Mechanism of cryoinjury in biological systems

Abstract

A new hypothesis, based on the assumption that intracellular water remains liquidlike below 0 °C and therefore its vapor pressure (vp) is greater than that of ice, is proposed to explain the mechanism of cryoinjury. On cooling, extra-cellular ice forms and a vp difference, Δ p, is created which increases with decreasing temperatures. A spontaneous process of water desorption and subsequent redistribution is prompted by the nonequilibrium state. Injury is the result of dehydration at slow cooling rates and membrane rupture at rapid rates. Penetrating cryoprotective agents improve survival rate by diminishing the migration rate and Δ p. The latter is achieved by lowering the vp of the intracellular fluid colligatively and increasing the vp of the extracellular solid.
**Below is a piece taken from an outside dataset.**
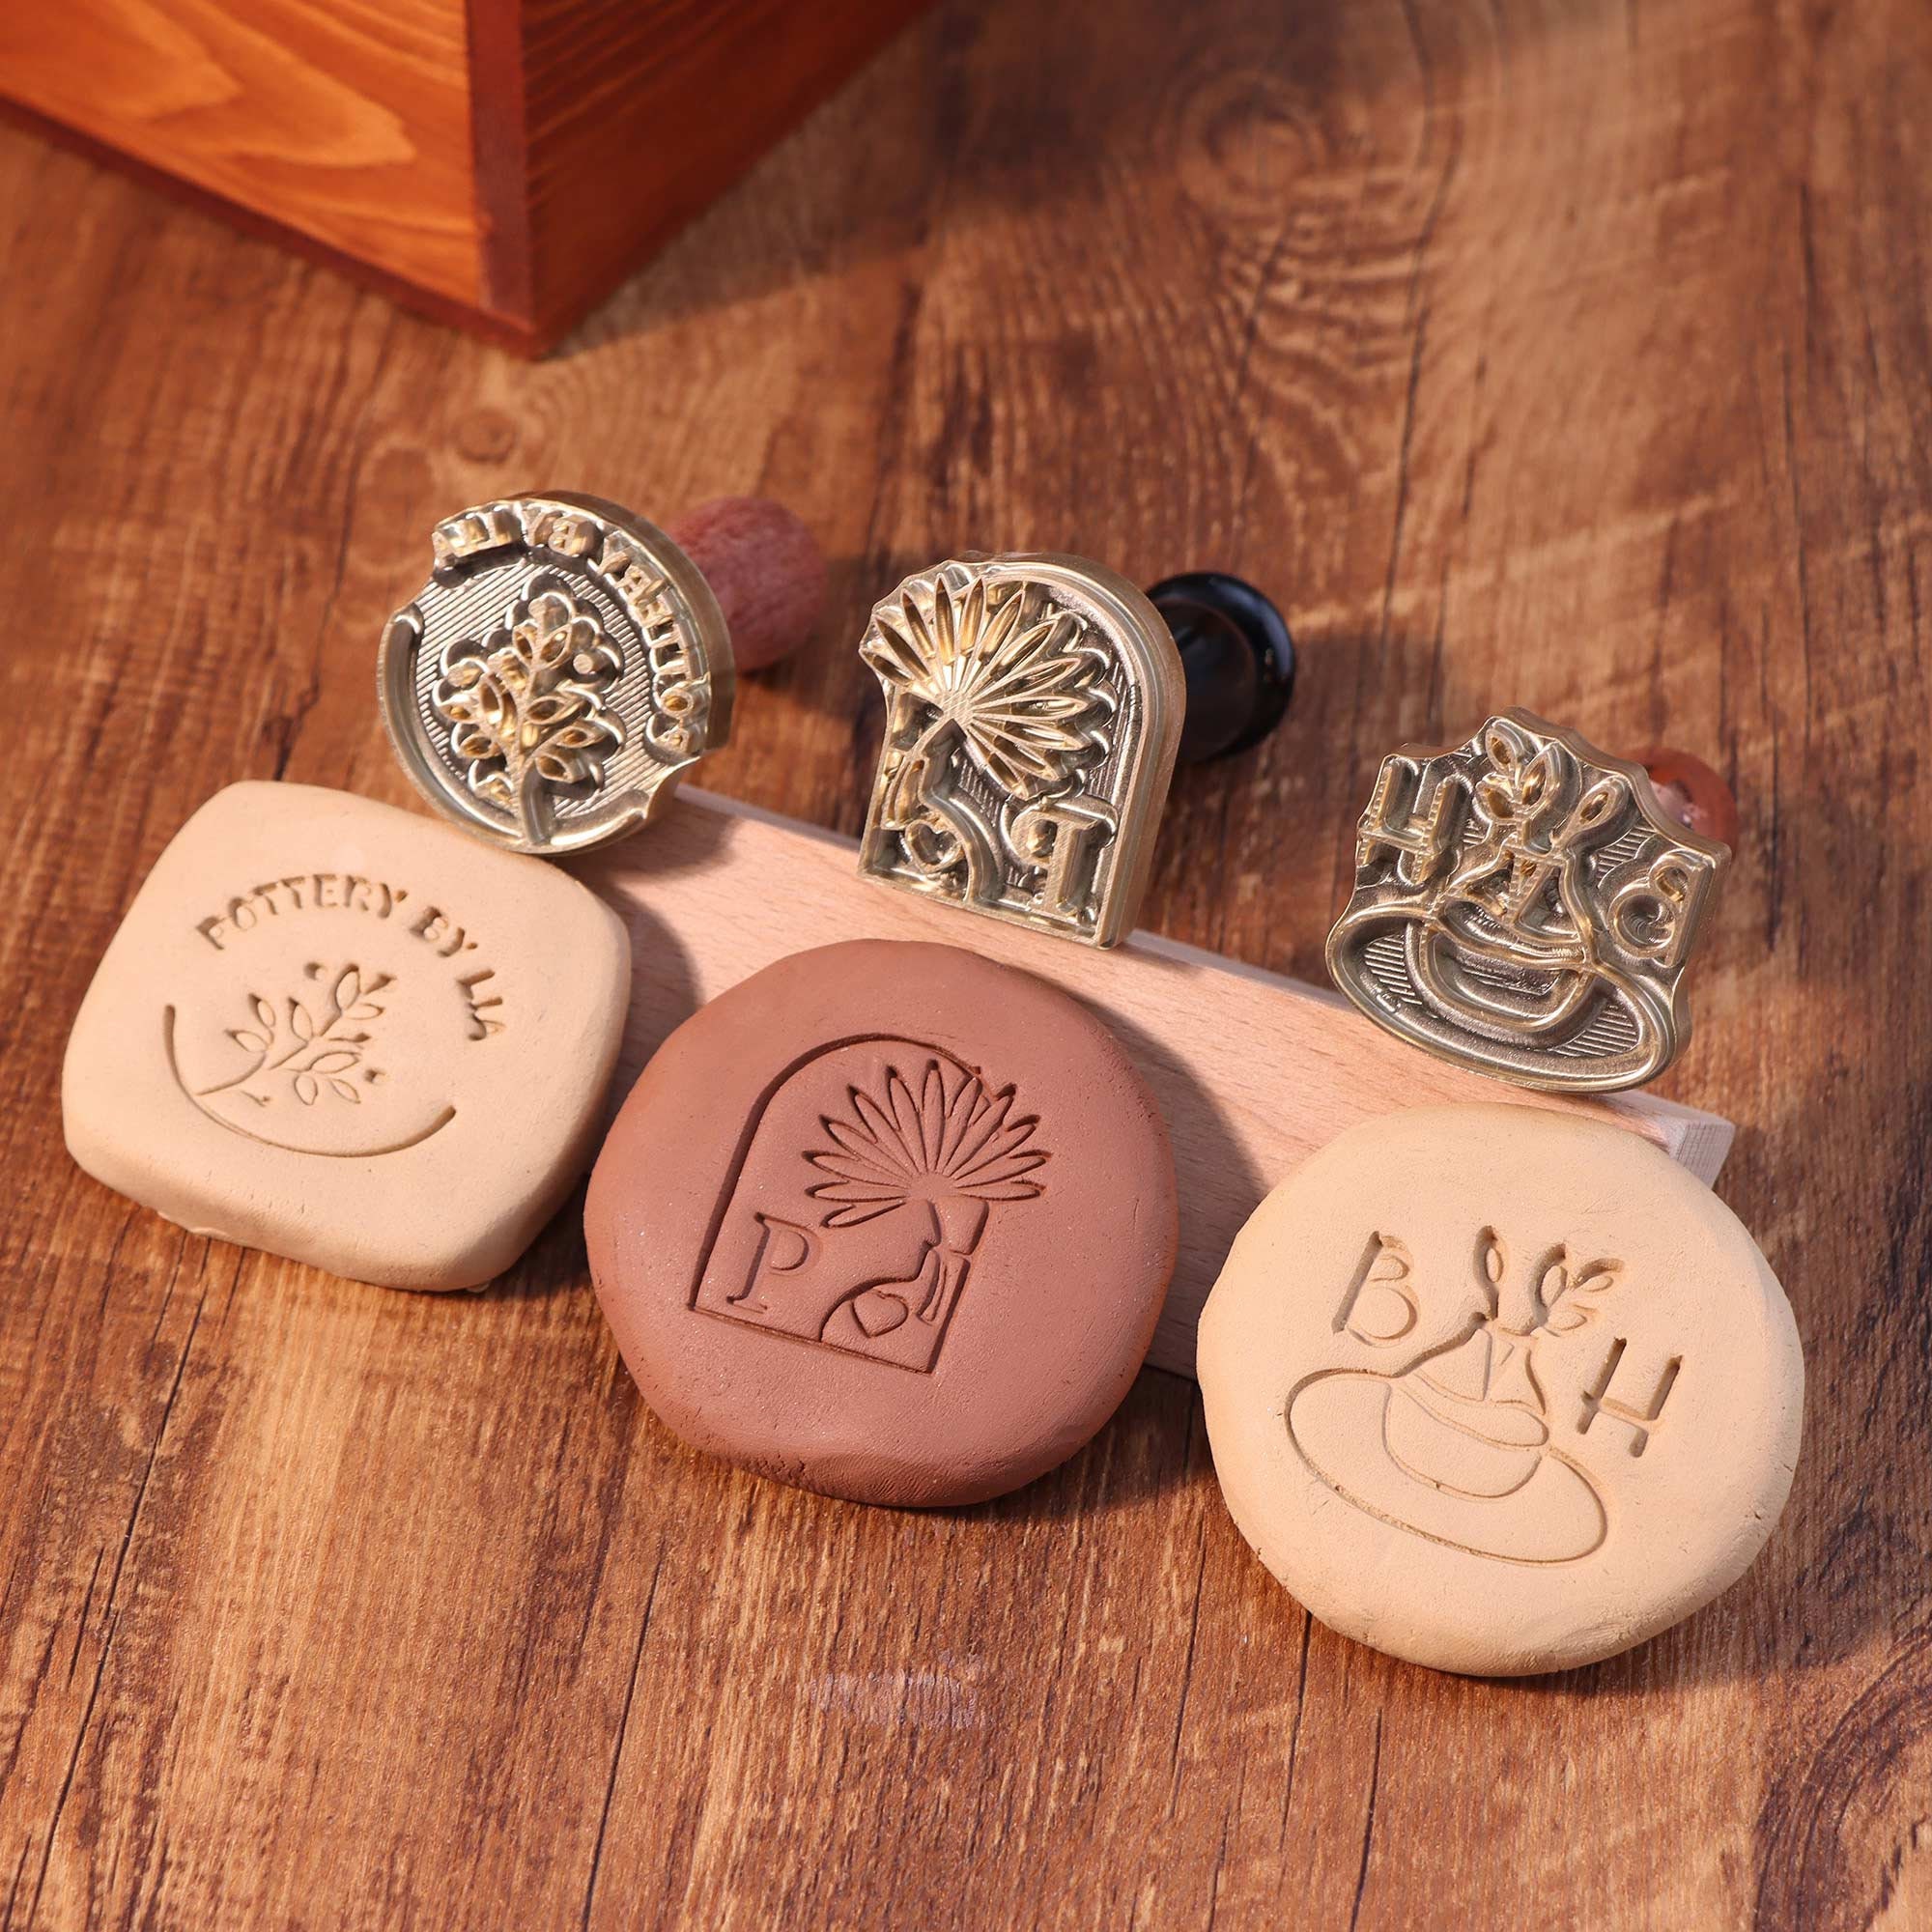 Custom Pottery Stamp, Pottery Signature Stamp, Personalized Clay Stamp,  Ceramic Stamp, Polymer Stamp

Differential thermal analysis of the aqueous solutions of glycerine, DMSO, and ammonium acetate provides experimental evidence that at concentrations at which these cryoprotective agents render full protection for red blood cells the frozen solid is amorphous glass instead of crystalline. Nonpenetrating agents protect only extracellular glass formation. Certain additives increase membrane permeability which at slow cooling rates is beneficial. The dimensional changes and thermogram of potato samples during temperature cycles are explicable by the proposed model. It is shown that the hypothesis is compatible with the most important modes of freezing injury already proposed, suggesting the primary cause leading to the creation under which they became operational.